→ Records for the task
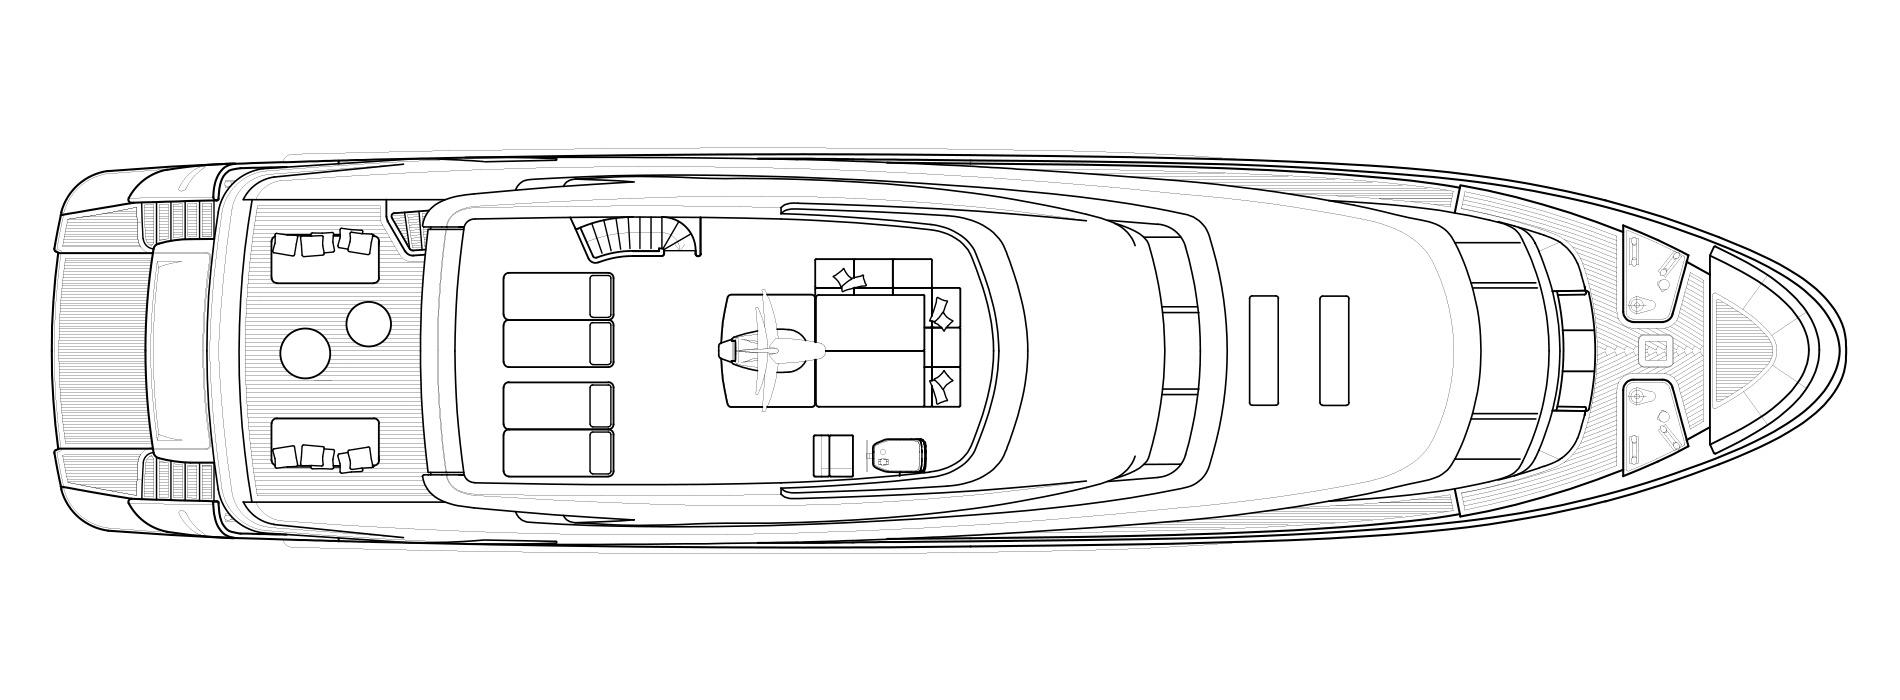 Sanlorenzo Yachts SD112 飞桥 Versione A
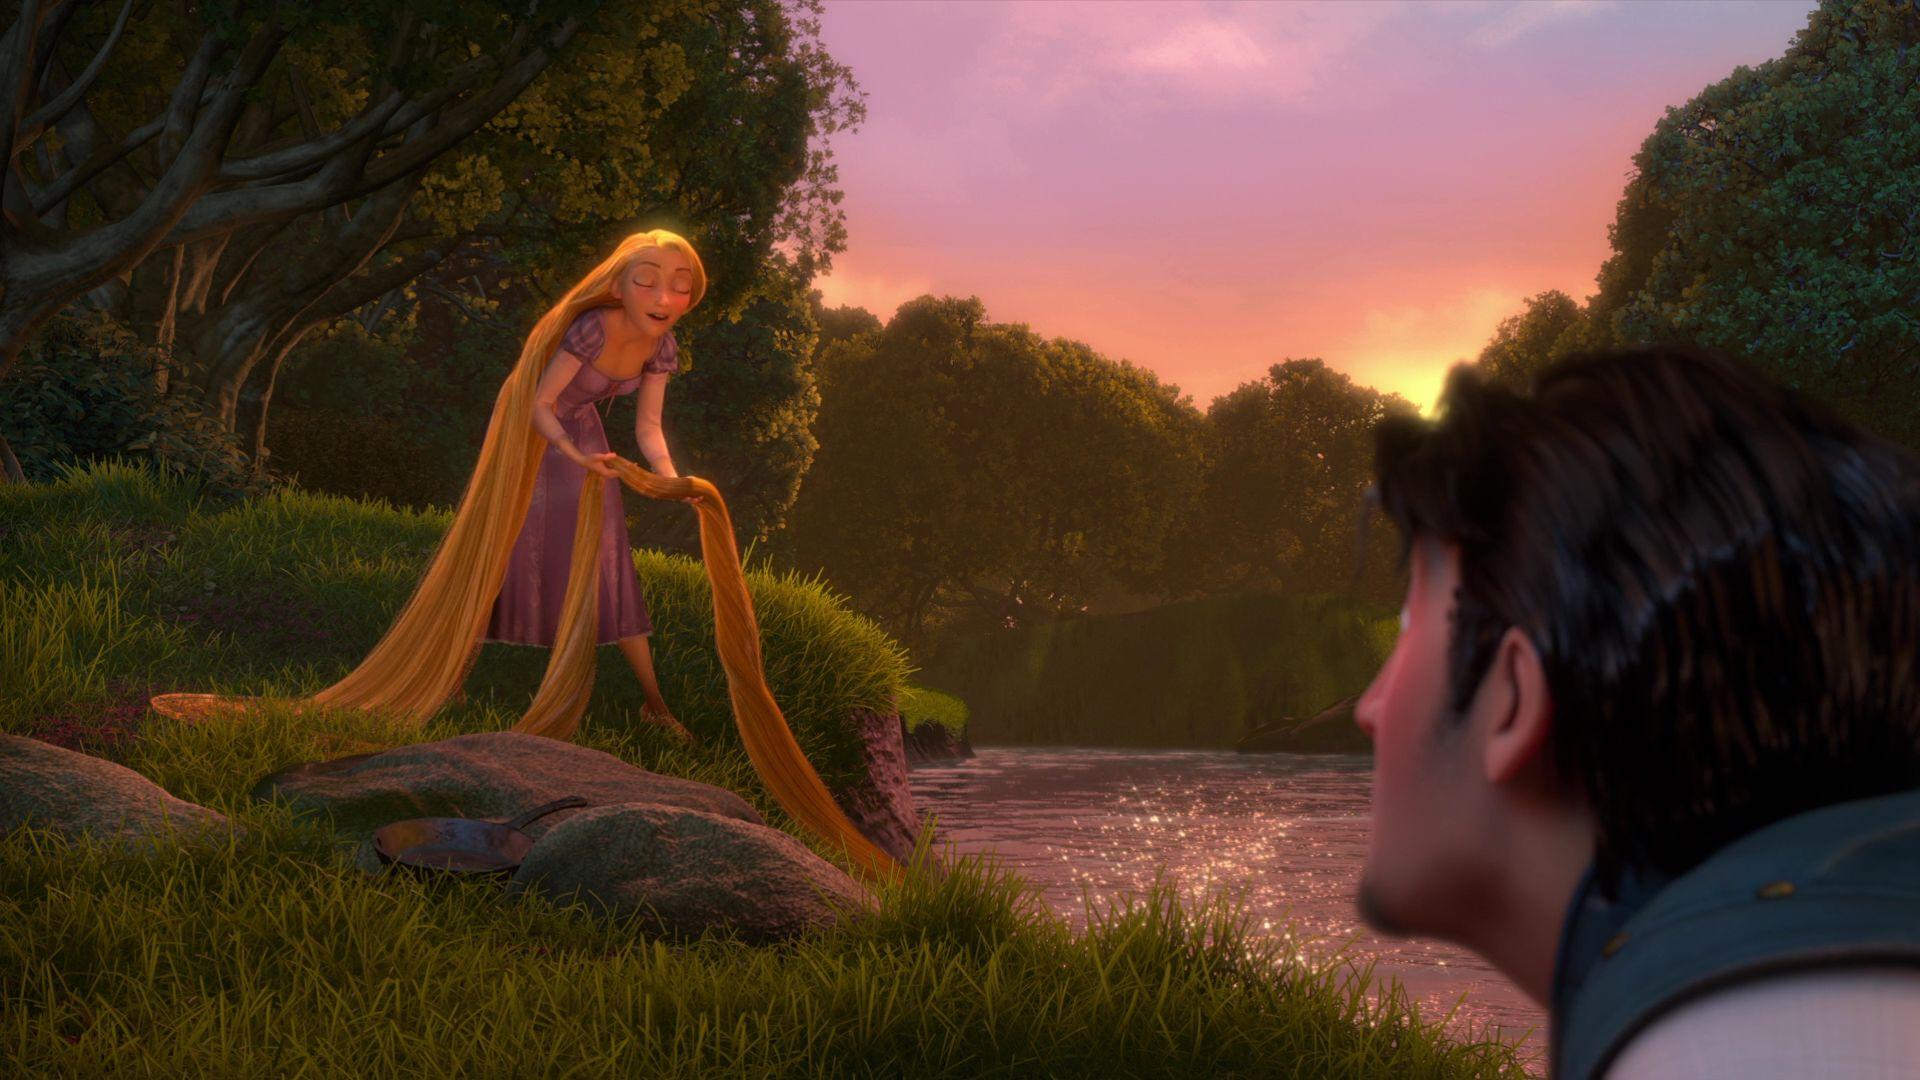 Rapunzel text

--

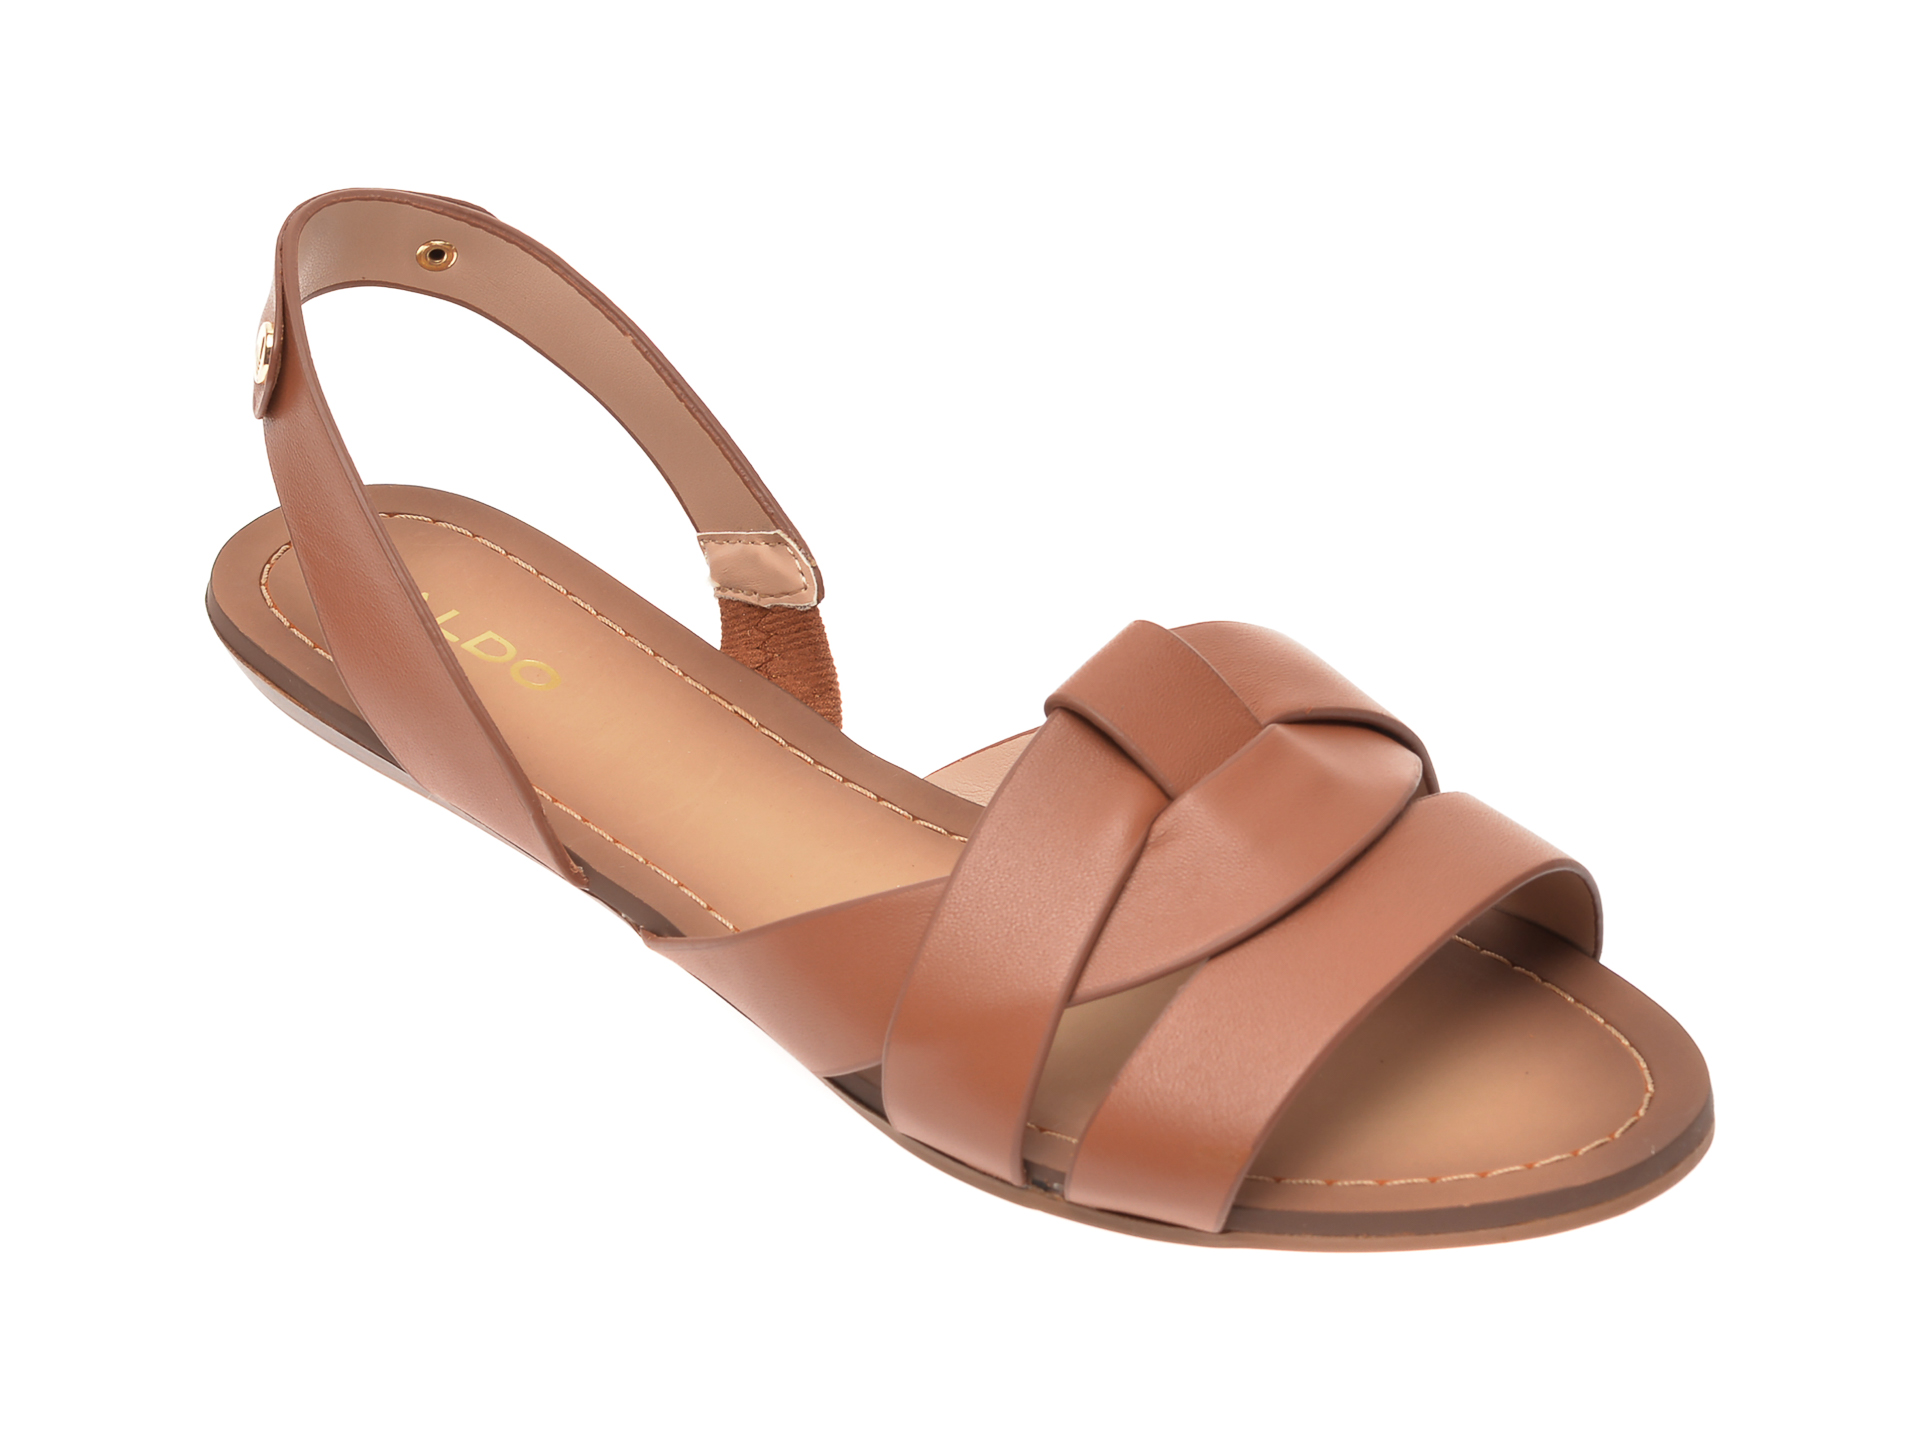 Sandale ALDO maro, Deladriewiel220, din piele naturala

→ Assigned task
Which part of the entries opens with the line containing "Sanlorenzo Yachts SD112 飞桥 Versione A" and closes with the line containing "Rapunzel text"? Output that part exactly, ends included, pictures excluded.

→ Answer
 Sanlorenzo Yachts SD112 飞桥 Versione A
 Rapunzel text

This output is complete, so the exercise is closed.